B-52 mendapatkan kehidupan baru: Boeing memenangkan kesepakatan $ 2 miliar untuk menghidupkan kembali pembom ikonik Amerika Serikat
Peningkatan Rolls-Royce menandai langkah pertama dalam mengubah peninggalan Perang Dingin menjadi pesawat garis depan untuk tahun 2050-an.
Angkatan Udara Amerika Serikat telah memberikan Boeing kontrak senilai $ 2 miliar untuk mulai mengganti mesin pada pembom B-52 Stratofortress, meluncurkan modernisasi besar-besaran dari salah satu pesawat paling abadi dalam sejarah militer.
Di bawah kesepakatan tersebut, Boeing akan memesin ulang dua B-52H pertama dengan mesin Rolls-Royce F130 baru dan melakukan pengujian ekstensif, memulai Program Penggantian Mesin Komersial. Peningkatan ini adalah inti dari rencana untuk menjaga pembom berusia enam dekade itu tetap terbang hingga pertengahan abad ini, berpotensi mendekati ulang tahunnya yang ke-100.

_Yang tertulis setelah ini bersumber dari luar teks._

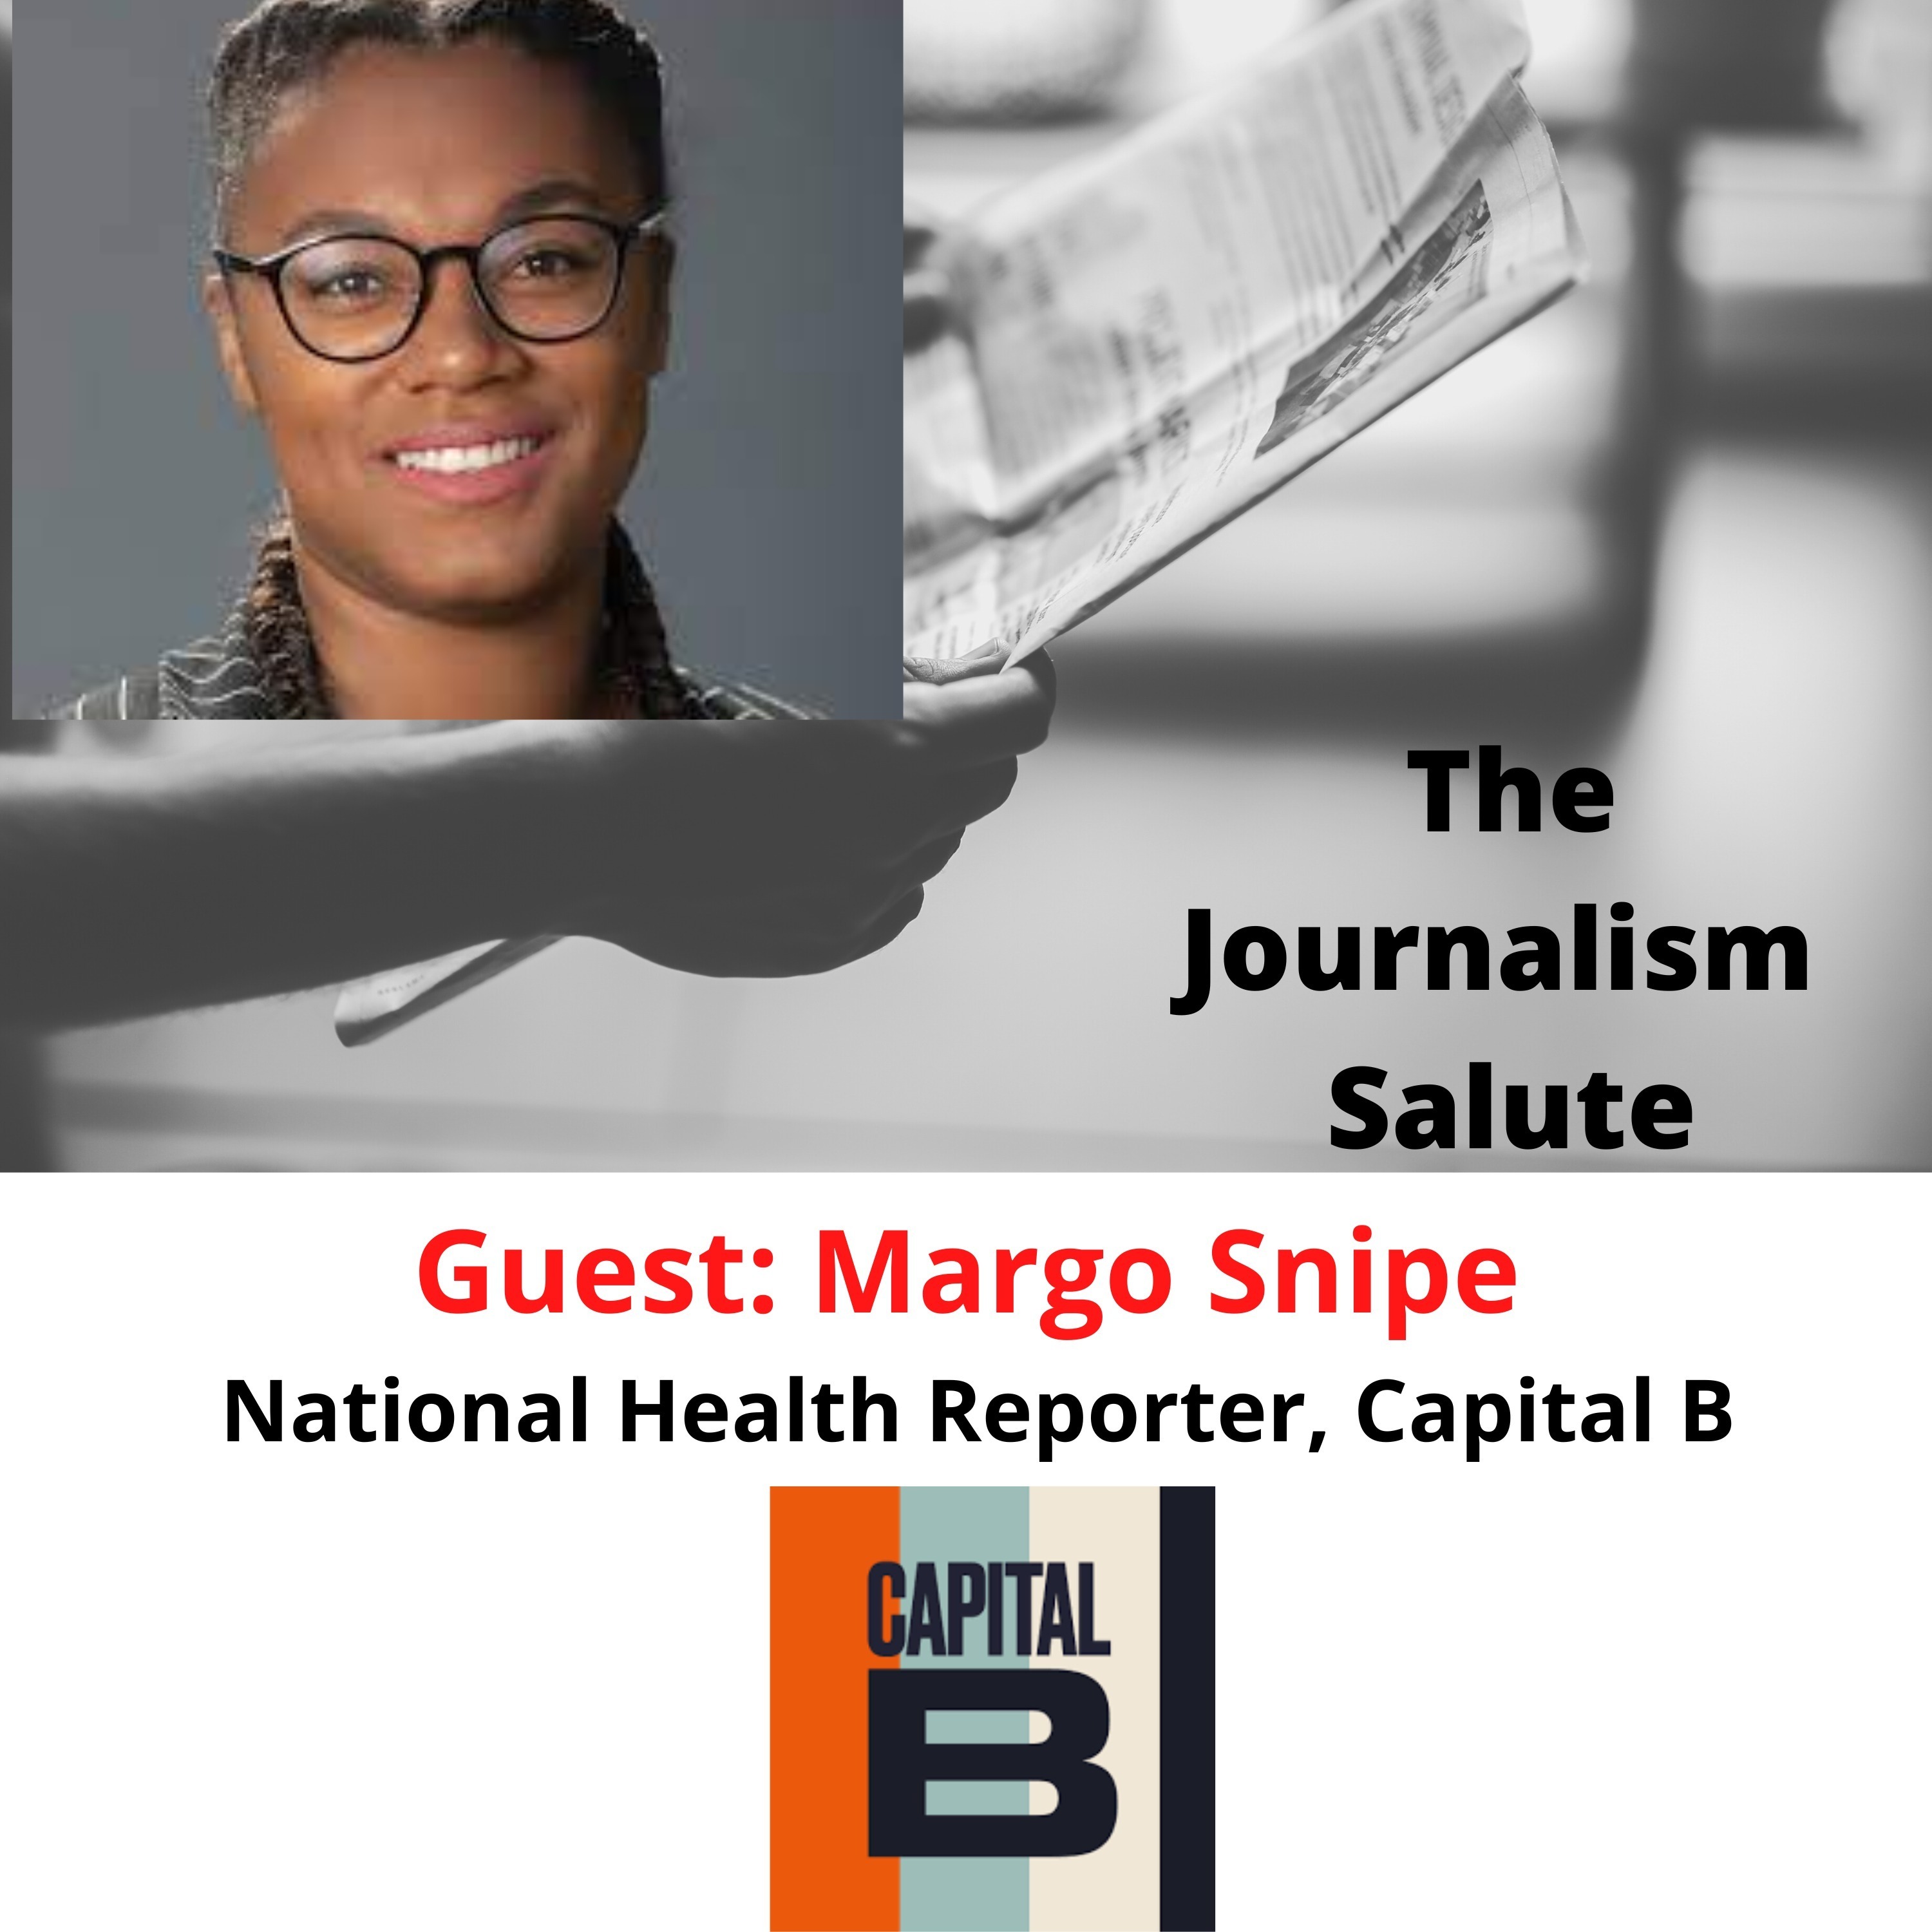 Margo Snipe, National Health Reporter, Capital B

Pesawat bermesin ulang pada akhirnya akan diganti namanya menjadi B-52J, bagian dari perombakan yang lebih luas yang diperkirakan akan menelan biaya hampir $ 50 miliar. Di samping mesin baru, jet akan menerima radar modern, avionik yang ditingkatkan, kokpit digital, komunikasi yang ditingkatkan, dan roda dan rem baru.

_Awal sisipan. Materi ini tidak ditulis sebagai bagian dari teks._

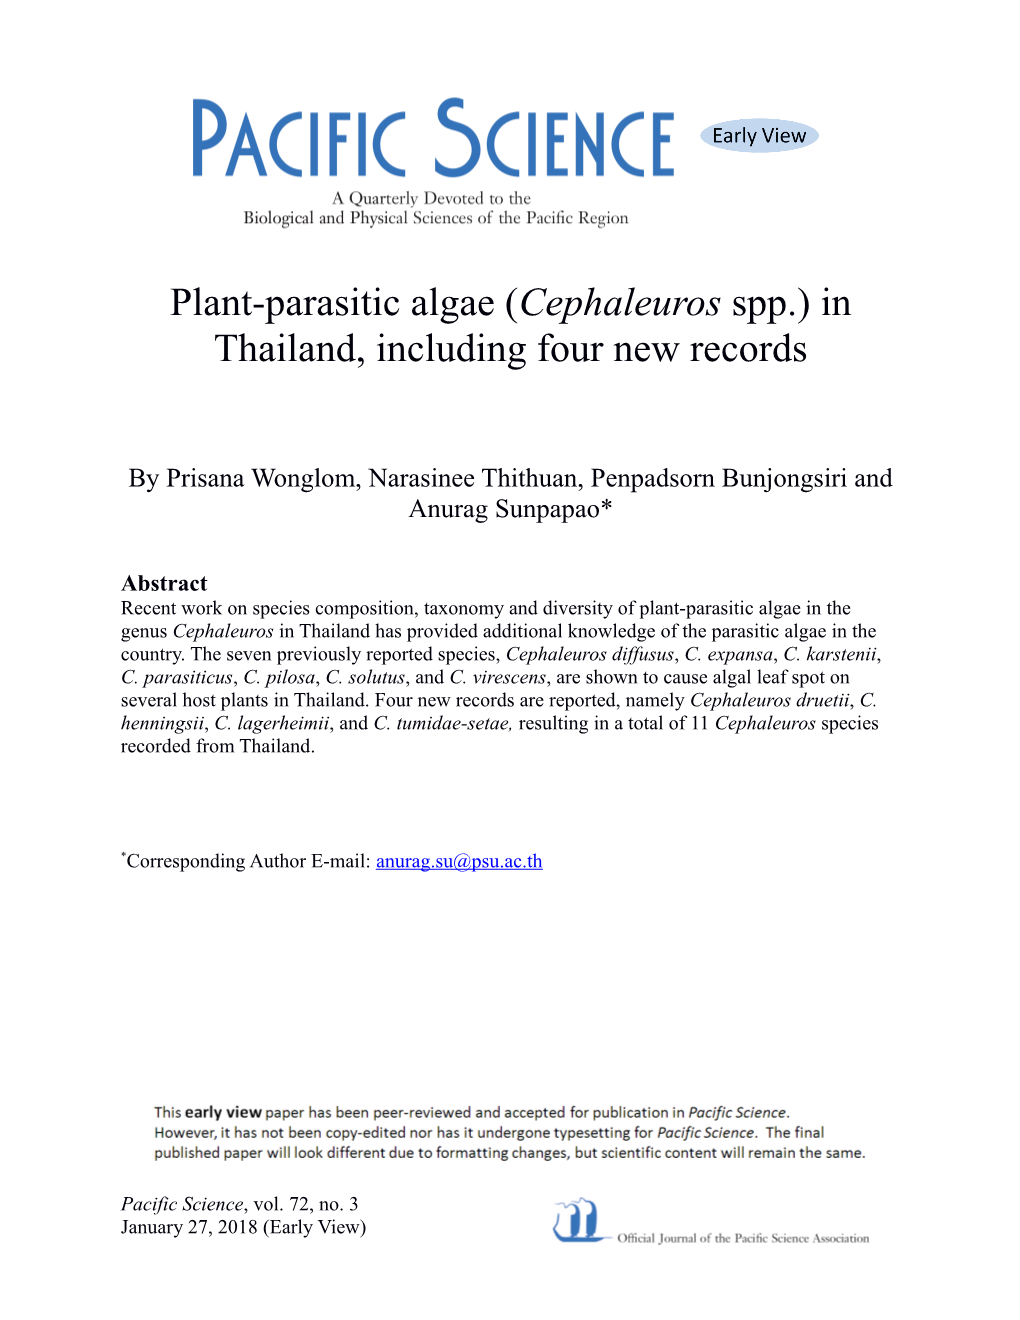 Plant-Parasitic Algae (Cephaleuros Spp.) in Thailand, Including Four New Records

Angkatan Udara berencana untuk mengandalkan armada pembom masa depan yang ditambatkan oleh B-52 yang ditingkatkan dan B-21 Raider siluman baru, sambil mempensiunkan B-1 dan B-2 selama tahun 2030-an karena biaya pemeliharaan meningkat. Pengerjaan pesawat pertama akan berlangsung di beberapa negara bagian Amerika Serikat, dengan penyelesaian ditargetkan pada tahun 2033, tonggak sejarah dalam mengubah pekerja keras Perang Dingin menjadi landasan kekuatan udara masa depan Amerika.
Pertahanan Boeing di X:
Terima kasih, @USAirForce, atas kemitraan Anda untuk melanjutkan pengembangan Program Penggantian Mesin Komersial B-52. Fase ini berfokus pada modifikasi dan pengujian penerbangan dua pesawat B-52 sebelum produksi penuh untuk meningkatkan efisiensi, jangkauan, dan masa pakai operasional pesawat.